Per l’anno 2020 il credito d’imposta sugli investimenti pubblicitari è concesso, alle imprese, ai lavoratori autonomi e agli enti non commerciali che hanno effettuato investimenti in campagne pubblicitarie, nella misura unica del 50% del valore degli investimenti effettuati entro il limite massimo di 85 milioni di euro, che costituisce tetto di spesa, di cui 50 milioni di euro per gli investimenti pubblicitari effettuati sui giornali quotidiani e periodici, anche online, e 35 milioni di euro per quelli effettuati sulle emittenti televisive e radiofoniche locali e nazionali, analogiche o digitali, non partecipate dallo Stato.

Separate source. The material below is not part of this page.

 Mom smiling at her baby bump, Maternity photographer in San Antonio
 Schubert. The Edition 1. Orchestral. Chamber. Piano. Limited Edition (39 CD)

Sono escluse dal credito d’imposta le spese sostenute per l’acquisto di spazi nell’ambito della programmazione o dei palinsesti editoriali per pubblicizzare o promuovere televendite di beni e servizi di qualunque tipologia nonché quelle per la trasmissione o per l’acquisto di spot radio e televisivi di inserzioni o spazi promozionali relativi a servizi di pronostici, giochi o scommesse con vincite di denaro, di messaggeria vocale o chat-line con servizi a sovraprezzo. Le spese per l’acquisto di pubblicità sono ammissibili al netto delle spese accessorie, dei costi di intermediazione e di ogni altra spesa diversa dall’acquisto dello spazio pubblicitario, anche se ad esso funzionale o connessa. Le spese si considerano sostenute secondo quanto previsto dall’articolo 109 del Tuir; pertanto, trattandosi di prestazioni di servizi, i corrispettivi delle prestazioni pubblicitarie si considerano conseguiti, e le spese di acquisizione degli stessi sostenute, alla data in cui le prestazioni sono ultimate. I costi devono risultare da attestazione prodotta dai soggetti legittimati a rilasciare il visto di conformità ovvero dai soggetti che esercitano la revisione legale dei conti. I beneficiari del bonus dovranno conservare la documentazione a sostegno della domanda. Nel caso il credito d’imposta richiesto sia superiore a euro 150.000, si applica il meccanismo delle white list.